- _EXERCISE AIM_
In the entries below, find the line with "Socquettes Fille Coeurs" and the line with "DomTextilu Romantické ružové". Repeat exactly everything between them, those two lines included, but not the pictures.

- _DATA TO PROCESS_
________
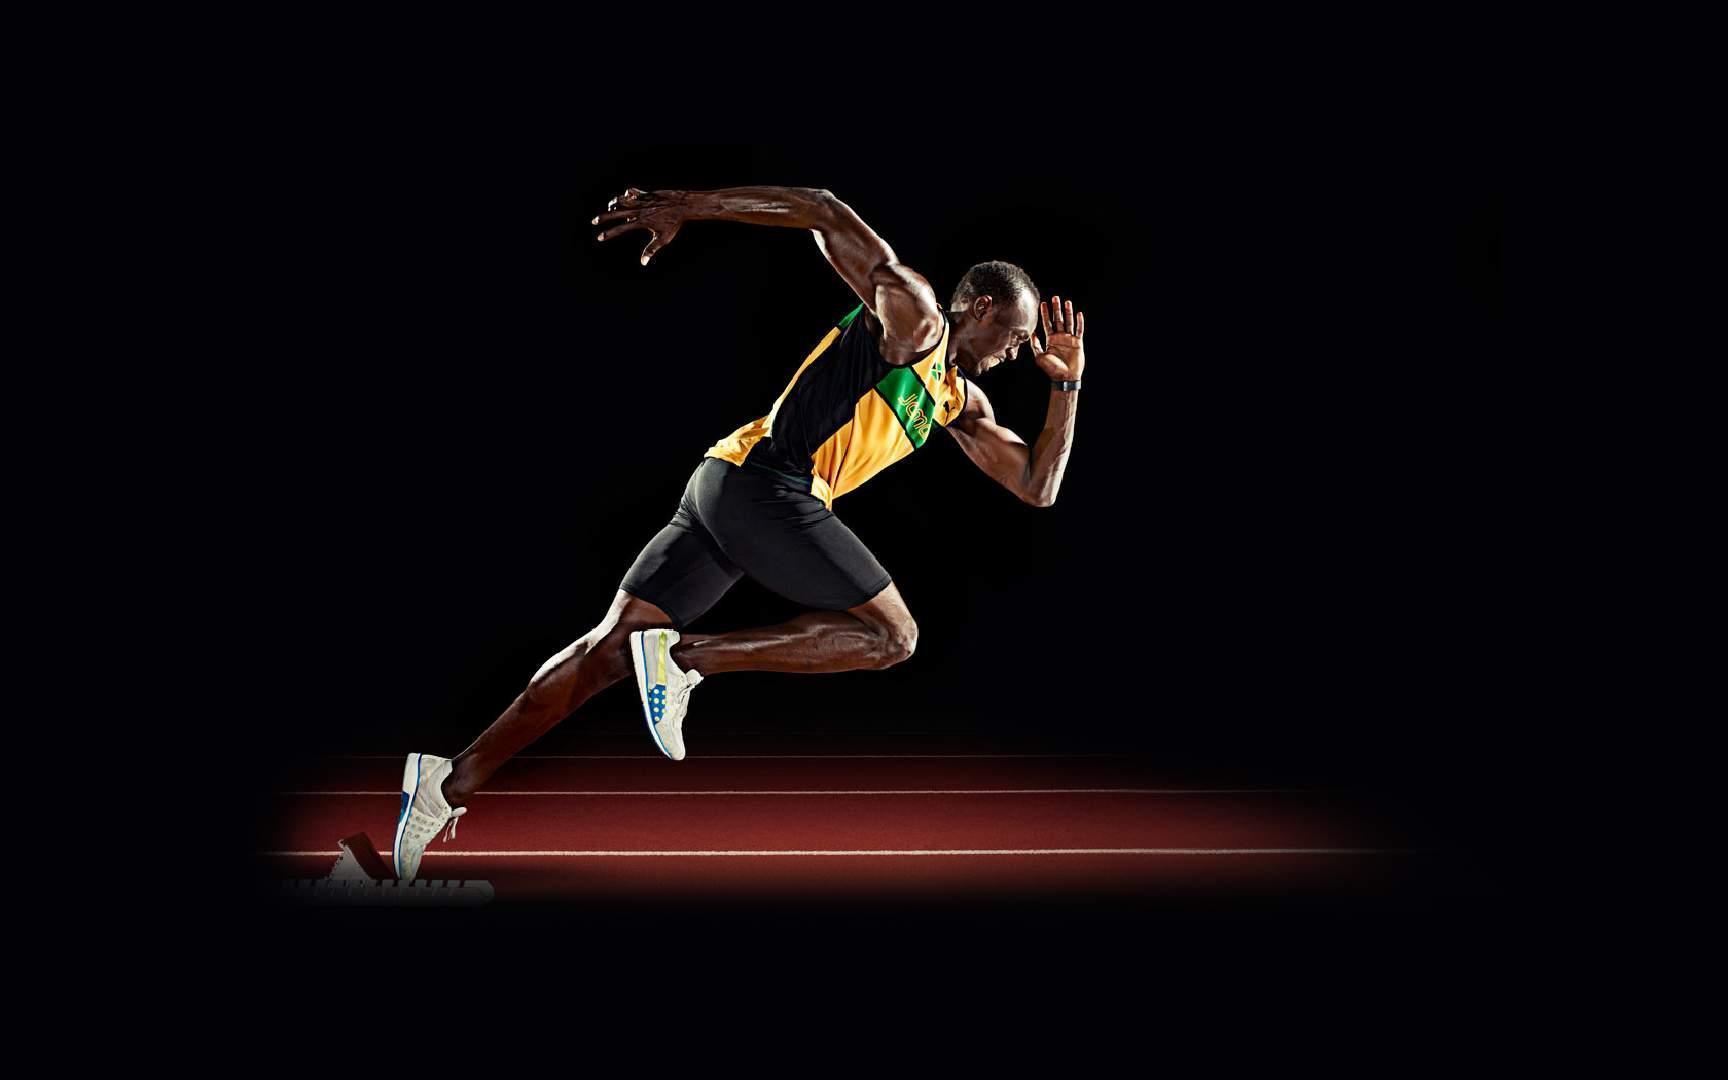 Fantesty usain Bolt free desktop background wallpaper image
________
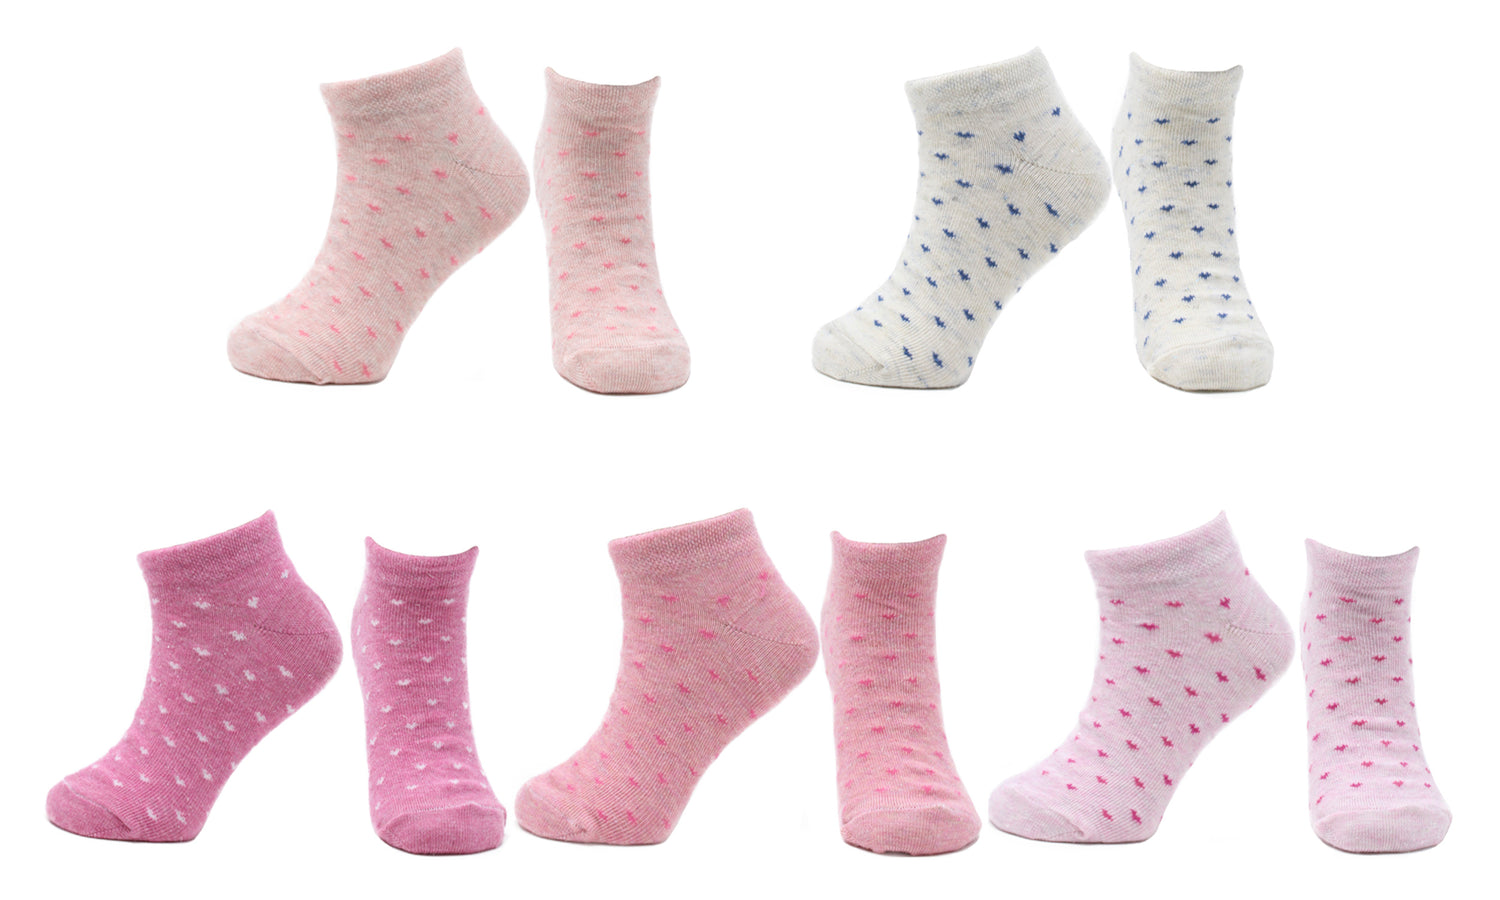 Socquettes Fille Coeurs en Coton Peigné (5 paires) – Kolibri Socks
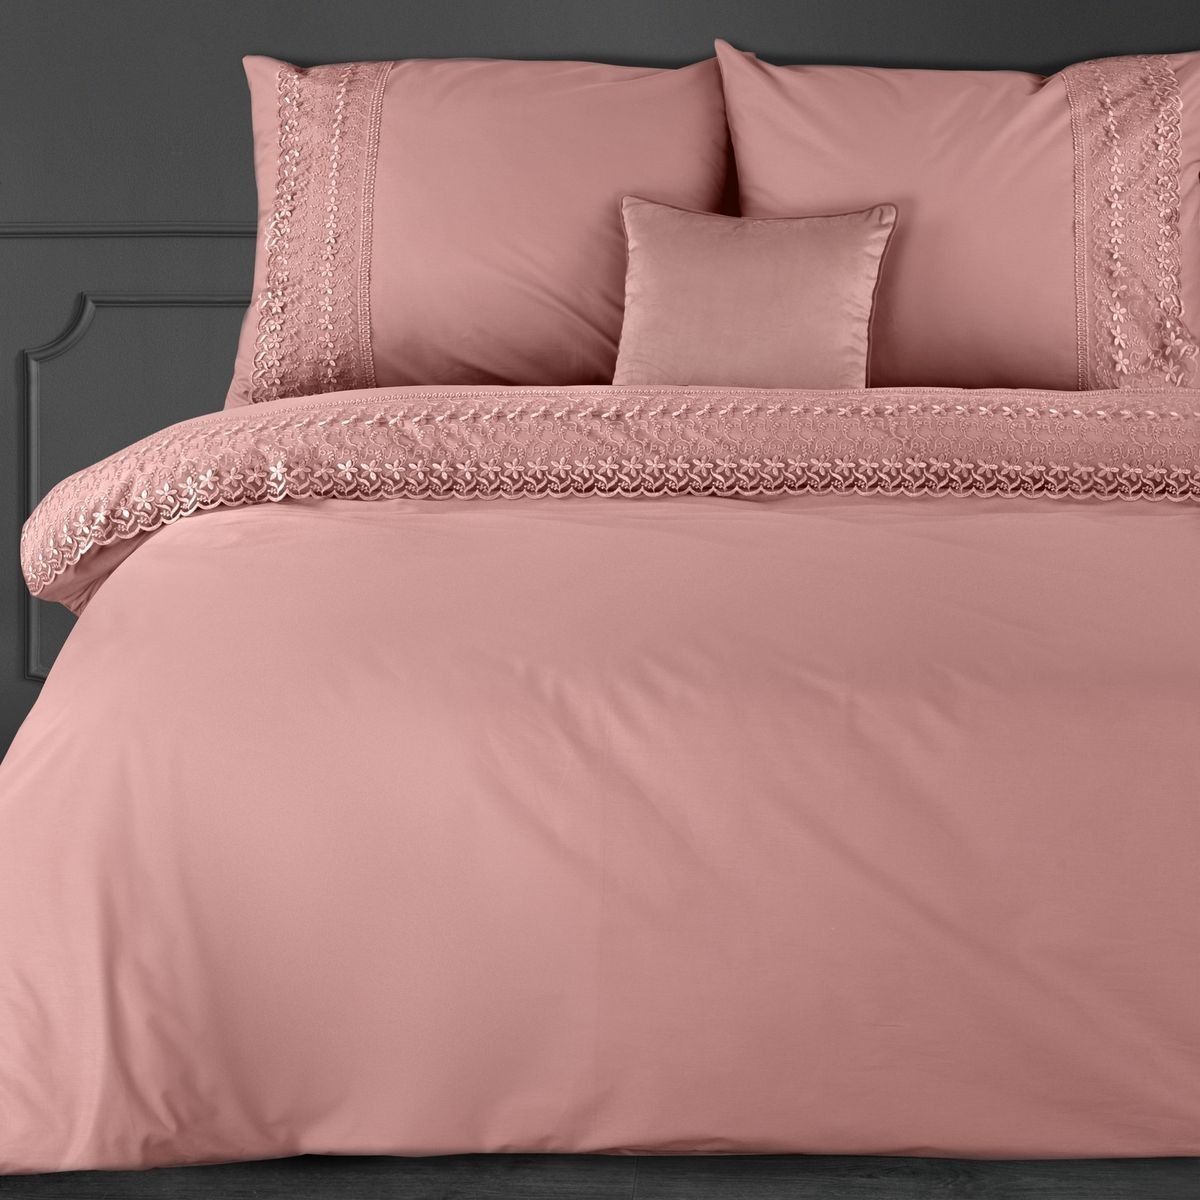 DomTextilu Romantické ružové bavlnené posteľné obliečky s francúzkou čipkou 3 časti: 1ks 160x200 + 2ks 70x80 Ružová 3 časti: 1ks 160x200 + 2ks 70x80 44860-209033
________
- _RESULT OF THIS TASK_
 Socquettes Fille Coeurs en Coton Peigné (5 paires) – Kolibri Socks
 DomTextilu Romantické ružové bavlnené posteľné obliečky s francúzkou čipkou 3 časti: 1ks 160x200 + 2ks 70x80 Ružová 3 časti: 1ks 160x200 + 2ks 70x80 44860-209033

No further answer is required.